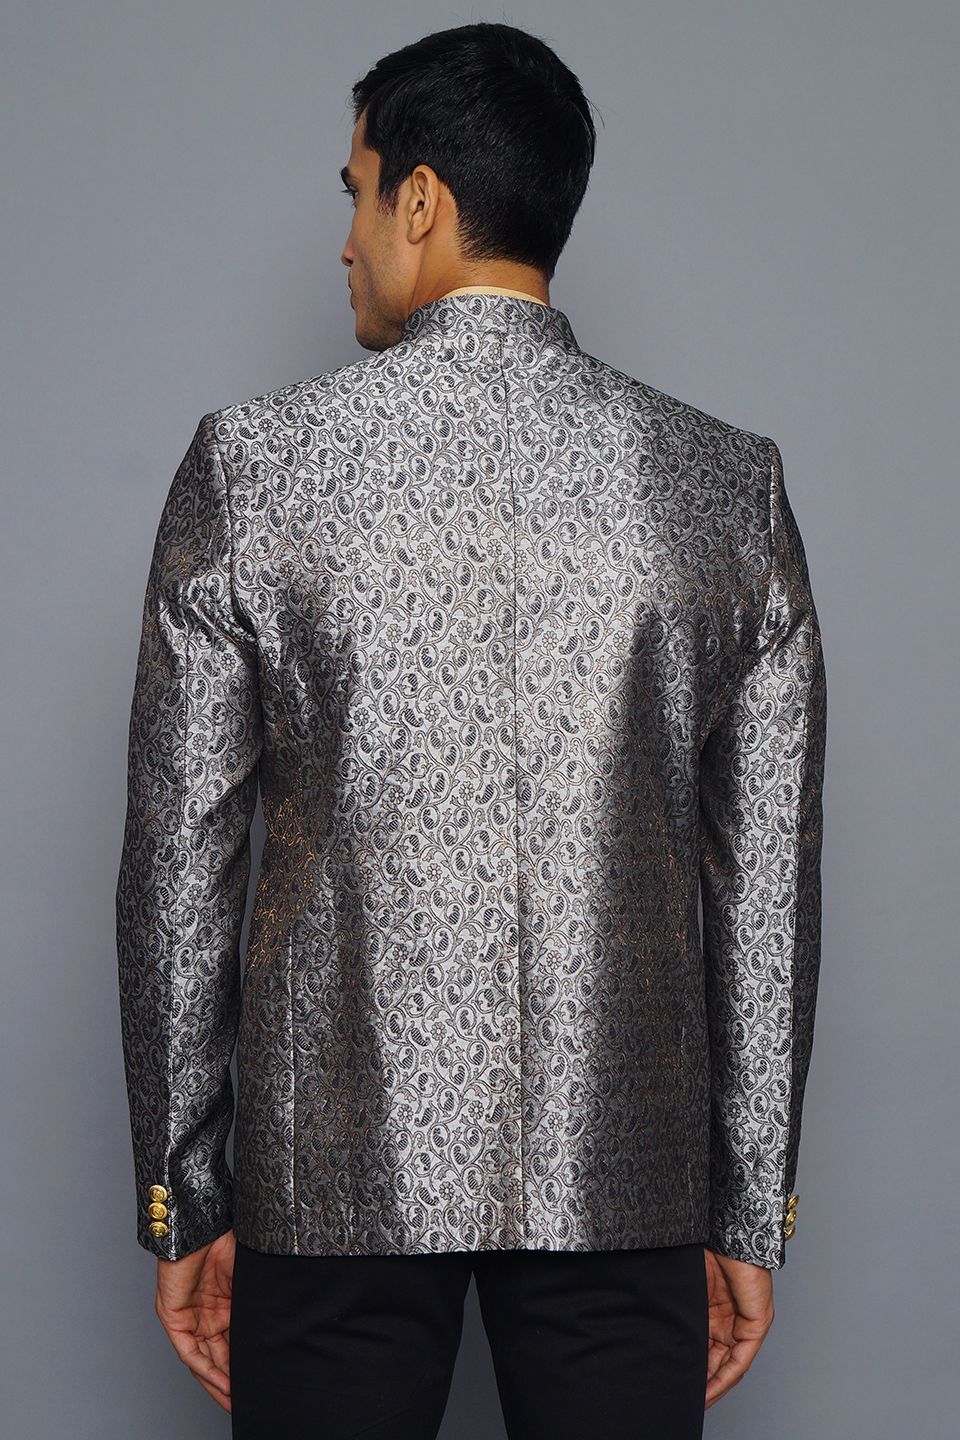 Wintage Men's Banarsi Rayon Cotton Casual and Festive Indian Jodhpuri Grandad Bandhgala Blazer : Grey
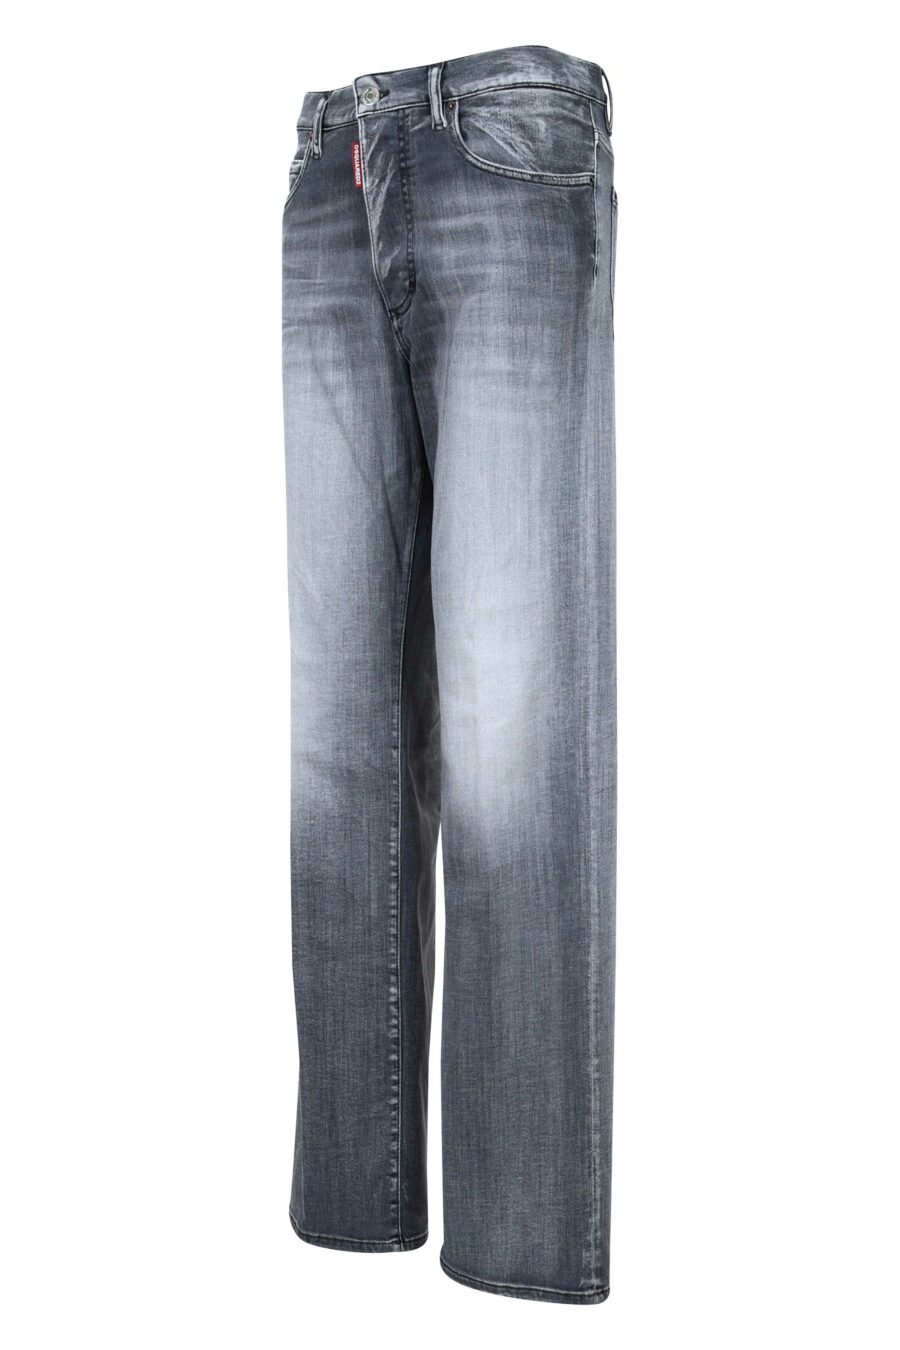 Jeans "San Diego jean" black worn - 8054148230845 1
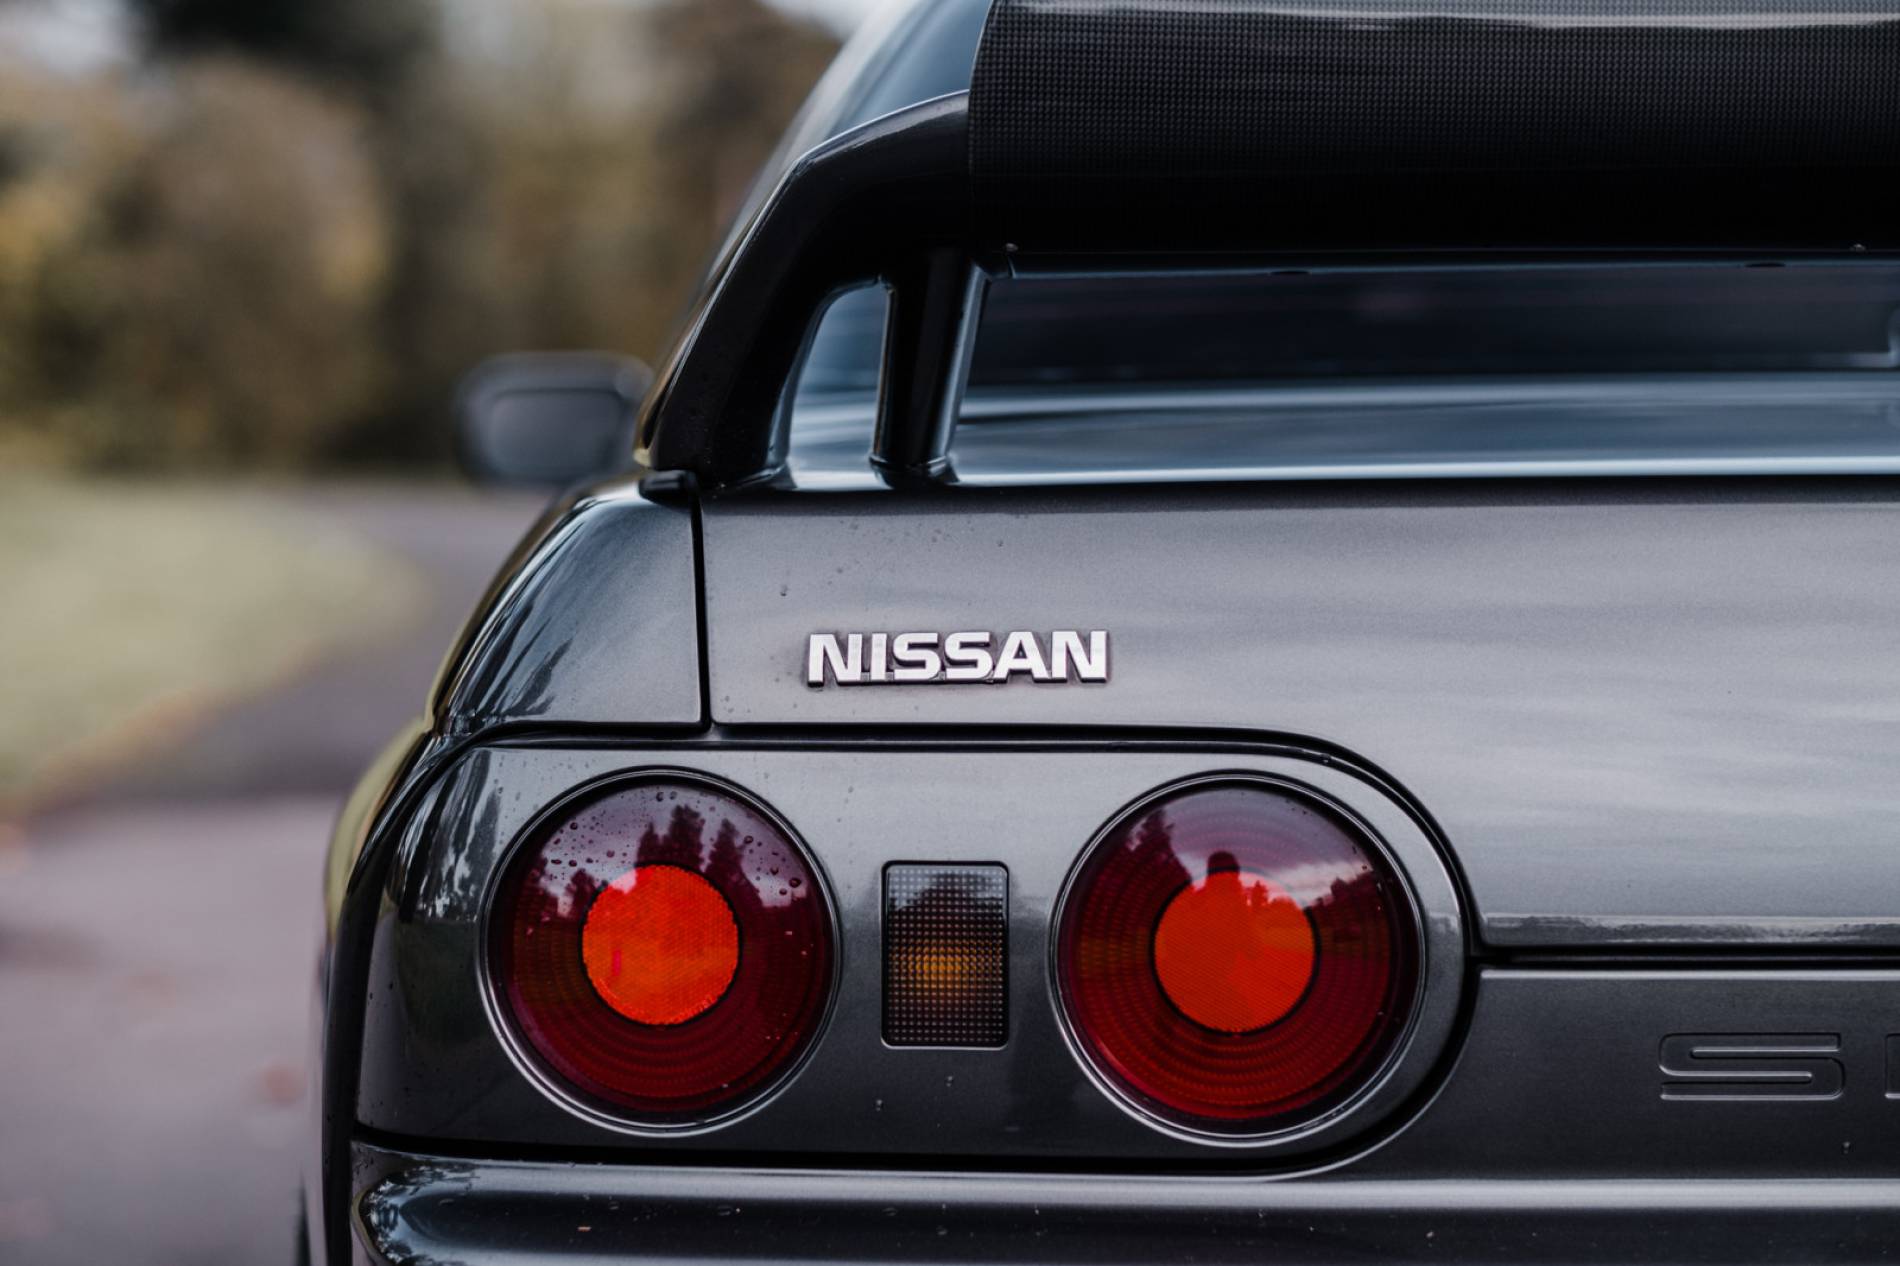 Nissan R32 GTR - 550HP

■ EXERCISE ■
Retype each line of the listing above word for word. Exclude the pictures.

■ PROBLEM SOLUTION ■
 Wintage Men's Banarsi Rayon Cotton Casual and Festive Indian Jodhpuri Grandad Bandhgala Blazer : Grey
 Jeans "San Diego jean" black worn - 8054148230845 1
 Nissan R32 GTR - 550HP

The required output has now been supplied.